BACKGROUND AND OBJECTIVES: Cancer may increase the risk of developing Guillain-Barré syndrome (GBS) due to molecular mimicry or immunosuppression, but the exact relationship is unclear. We aimed to determine the association between incident cancer and the following risk of GBS development.
METHODS: We conducted a nationwide population-based case-control study of all patients with first-time hospital-diagnosed GBS in Denmark between 1987 and 2016 and 10 age-, sex-, and index date-matched population controls per case. We identified incident cancer diagnoses between 6 months before and 2 months after the GBS index date. We used conditional logistic regression to compute odds ratios (ORs) as a measure of relative risk and performed stratified analyses to assess the impact of cancer on GBS risk in strata of calendar periods, sex, and age. In sensitivity analyses, to assess any potential risk of survival bias induced by including cancer diagnoses potentially made after GBS diagnosis, we examined incident cancers in both a broader exposure window (1 year before to 3 months after GBS index date) and a narrower window (6 months to 1 month before the GBS index date).

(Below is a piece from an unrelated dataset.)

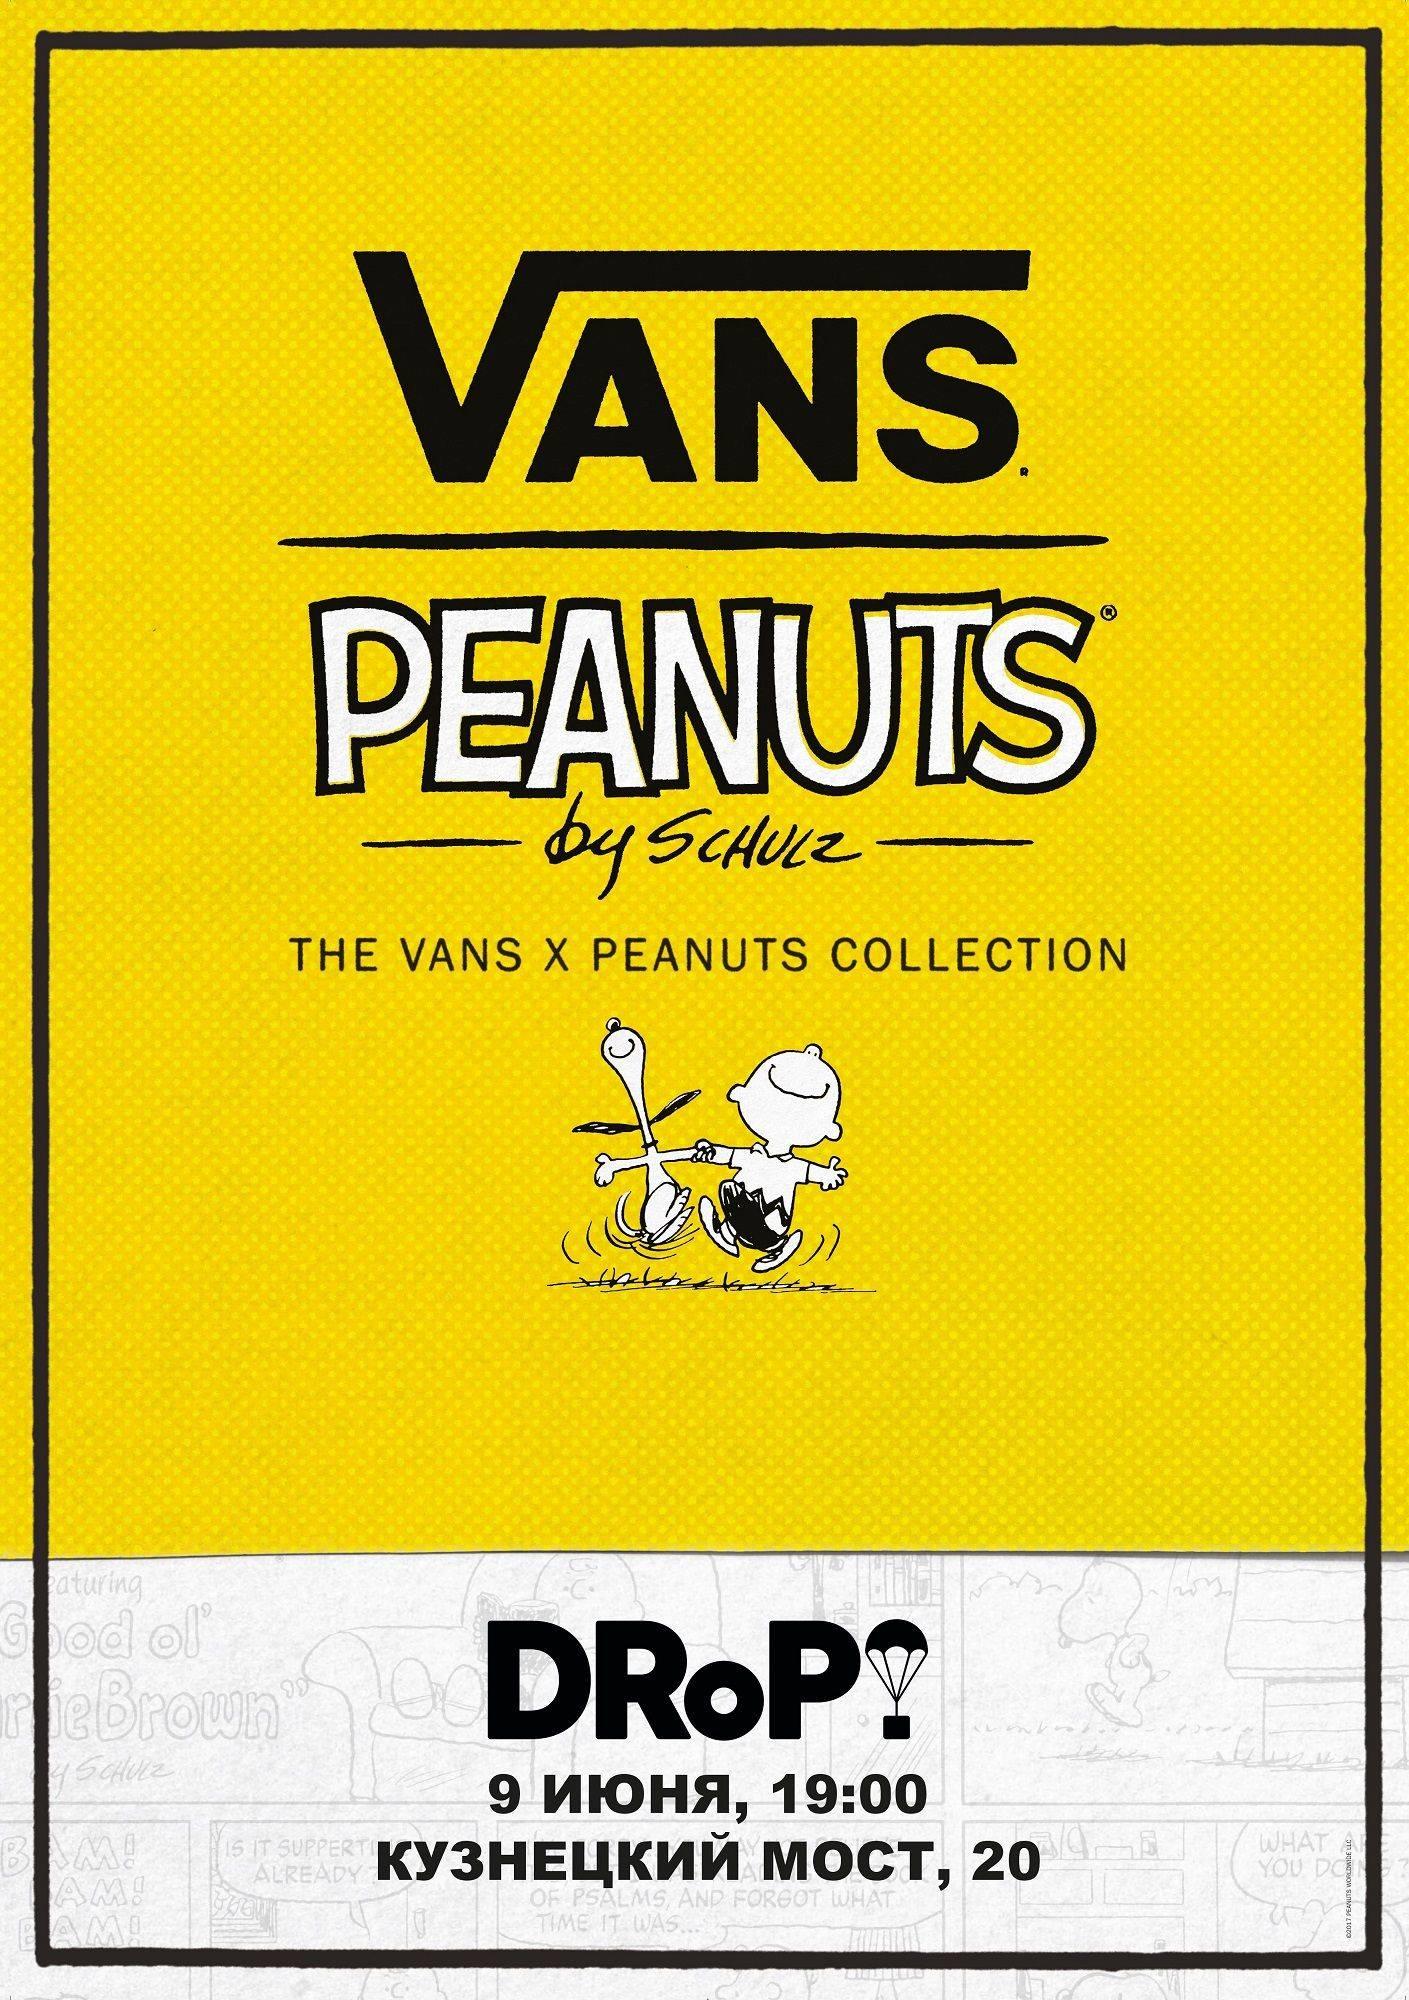 Коллаборация Vans x Peanuts - Stone Forest

RESULTS: Of the 2,414 patients with GBS and 23,909 controls included, 49 cases (2.0%) and 138 controls (0.6%) had a recent cancer diagnosis, yielding a matched OR of 3.6 (95% CI 2.6-5.1) for GBS associated with cancer. Stratification by calendar time, sex, and age showed robust results for the association between cancer and GBS, with no major variations. Broadening and narrowing the exposure window produced slightly weakened associations of OR of 2.4 (95% CI 1.8-3.3) and 2.5 (95% CI 1.5-4.1), respectively. The GBS ORs were highest for cancers of the lymphatic and hematopoietic tissue (OR 7.2, 95% CI 2.9-18.0), respiratory tract (OR 5.6, 95% CI 2.7-11.9), prostate and other male genital organ (OR 5.0, 95% CI 2.1-11.6), and breast (OR 5.0, 95% CI 1.7-14.5) cancer.
DISCUSSION: In this large nationwide epidemiologic study, incident cancer was associated with a markedly increased risk of subsequent GBS development. The results suggest that as-yet unidentified factors present in several types of cancer drive this association.